Thursday 8 January 2015

Capital II, Chapter 20 - Part 44

b) Here 2(i) has £200 in money, having already sold all its commodities (the total commodity-capital of Department 2 is £2,000, so we can assume it is divided £1,000 each to section (i) and (ii)). In that case, 2(i) may have sold, for example, £800 to Department 1 workers, and £200 to Department 1 capitalists. 2(ii) may have sold £200 to Department 1 workers, leaving £800 to sell to Department 1 capitalists.

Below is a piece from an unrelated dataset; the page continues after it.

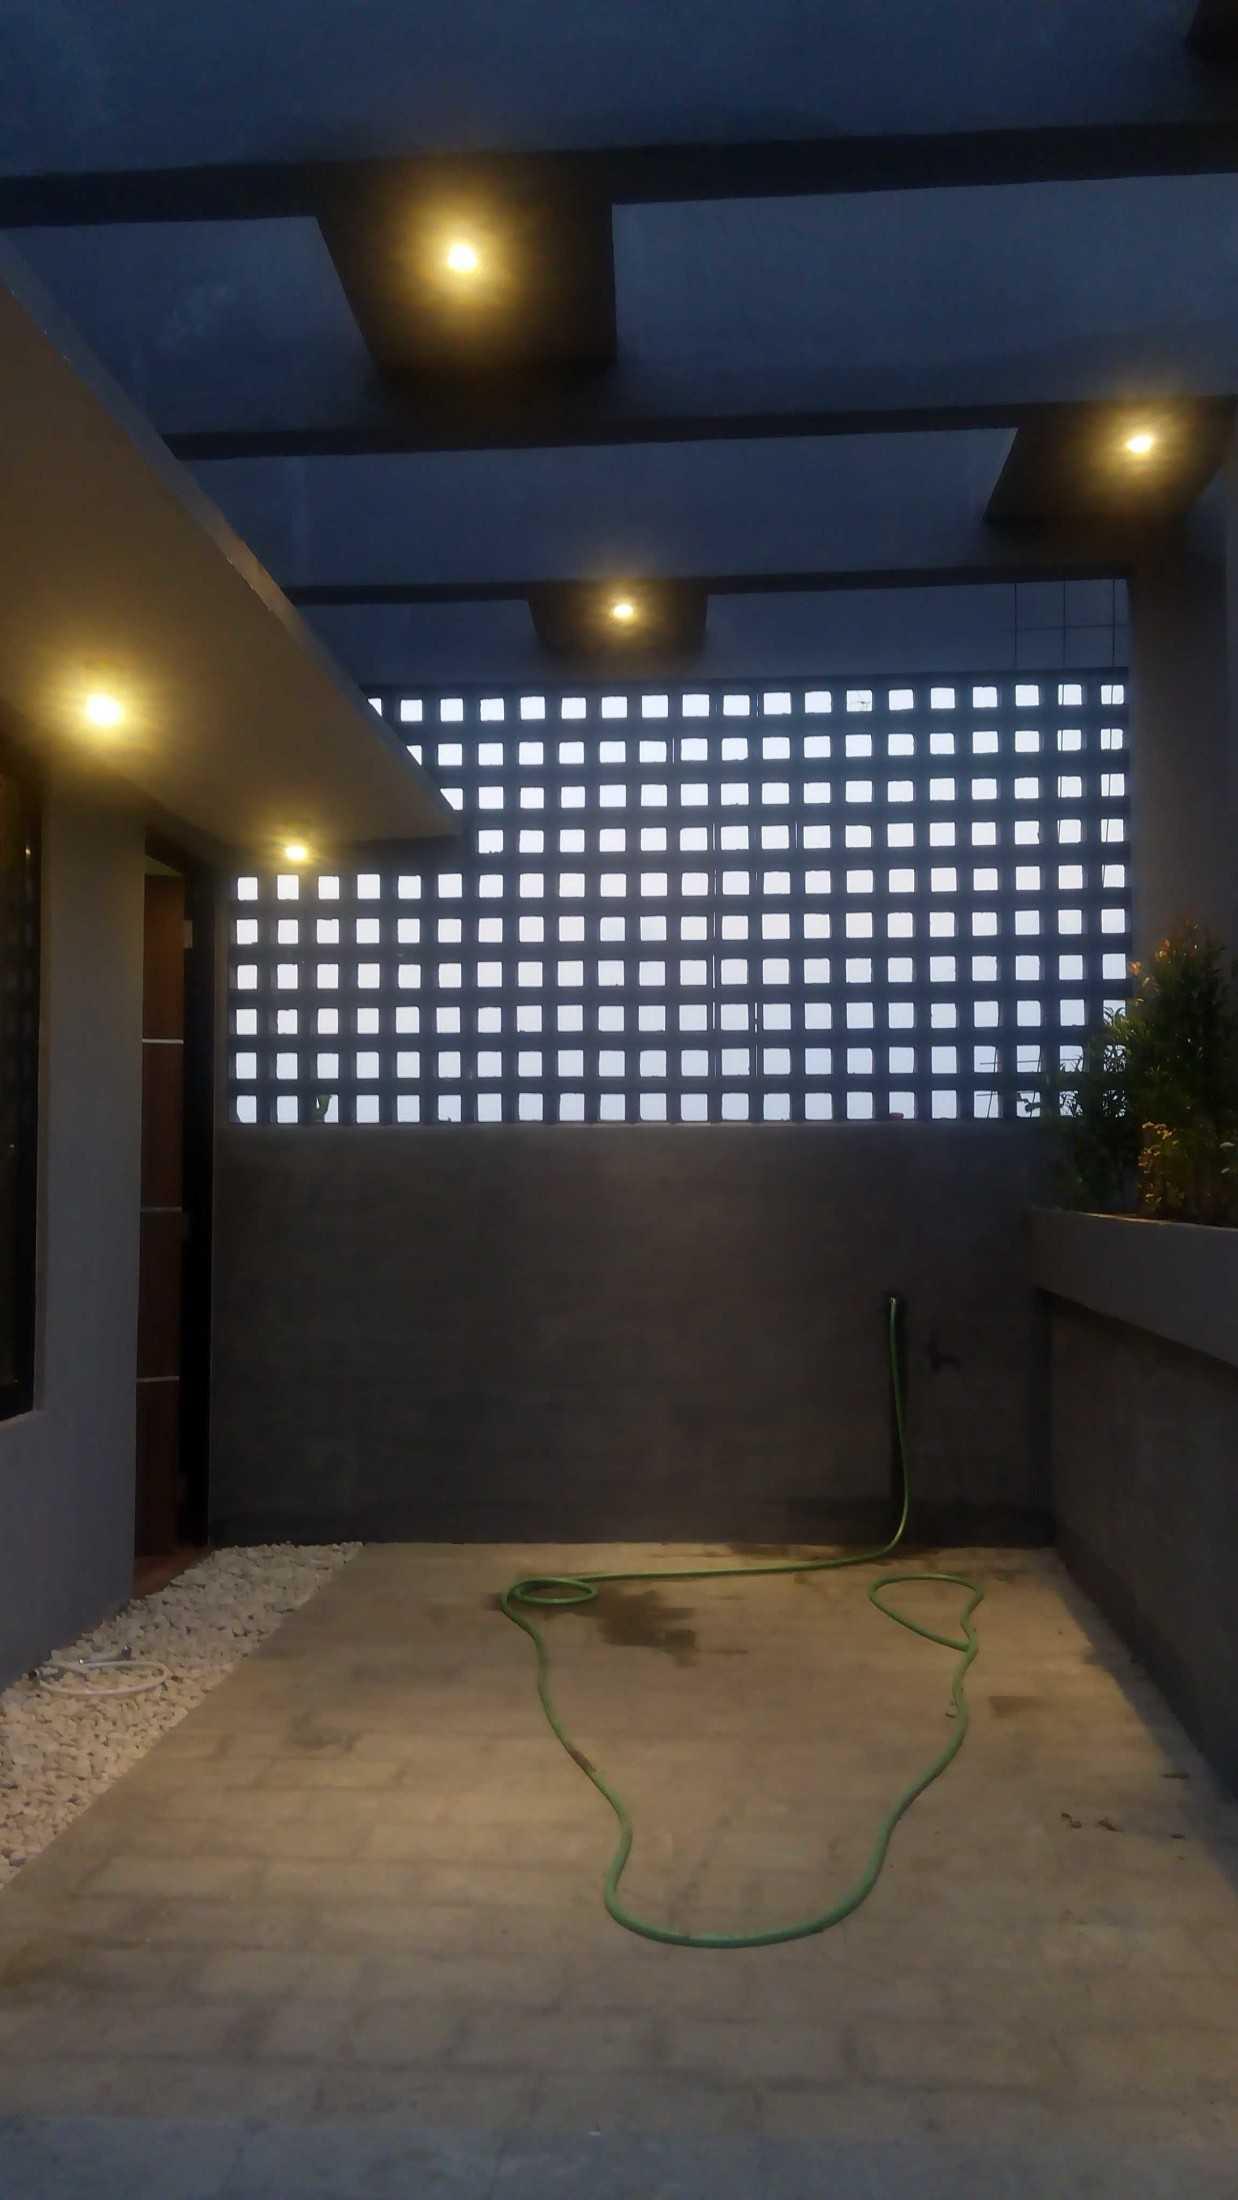 Astabumi Studio Omah Taman Singgah Tegal Tegal, Kota Tegal, Jawa Tengah, Indonesia Tegal, Kota Tegal, Jawa Tengah, Indonesia Astabumi-Architect-Interior-Design-Omah-Taman-Singgah-Tegal  84036

(NB.  Wherever its stated that x amount of circulating or fixed capital was bought or sold, here, this is, in fact, incorrect.  In examining interest-bearing capital, in Capital III, it will be shown that it is only that form of "capital", that is bought and sold as a commodity, and its price is the rate of interest. The use of the term here is to be taken only as a more convenient means of expressing the more cumbersome, but accurate description that what is being bought and sold are the commodities that comprise the commodity-capital, the circulating-capital, and fixed capital.)

So, 2(i) will have bought £800 of circulating capital, equal to its exchange with Department 1(v). 2(ii) will have bought £200 of circulating capital equal to its exchange with 1(v). 2(i) has advanced £200 for fixed capital. It has sold its remaining £200 of commodities to 1(s), leaving it with £200 in money.

Now, 2(ii) has £800 of its commodity-capital left to sell. It does this by exchanging it with 1(s) for circulating capital of that amount.

An alternative scenario here would be that 2(i) has sold £1,000 of its commodity-capital to 1(v) having bought £800 of circulating constant capital, and thereby leaving it with £200 in money. 2(ii) has bought £200 of circulating capital, and sold £200 of consumer goods to 1(s), leaving it with £800 of consumer goods to sell. 2(i) then uses its £200 in money to buy fixed capital. This £200 flows back to Department 2, but can only flow back to 2(ii) because 2(i) has sold all its commodity-capital. 2(ii) then exchanges its remaining £800 of consumer goods with 1(s) made up of £600 of circulating capital, and plus the £200 1(s) received from 2(i) for fixed capital.

c) Here we assume again both 2(i) and 2(ii) begin with £1,000 each of commodity-capital, £1,000 of which is exchanged against 1(v) and the other with 1(s). 2(ii) has exchanged £800 with 1(v), leaving it with £200 to exchange. 2(i) has exchanged £200 with 1(v), and has £200 in money as a result. It has £800 of commodity-capital left to exchange with 1(s). 2(i) advances £1,000 in money. £200 buys its replacement fixed capital, and £800 buys its circulating capital. With the £1,000 received, Department 1(s) buys the remaining £200 of 2(ii)'s commodity-capital, and the remaining £800 of 2(ii)'s commodity-capital.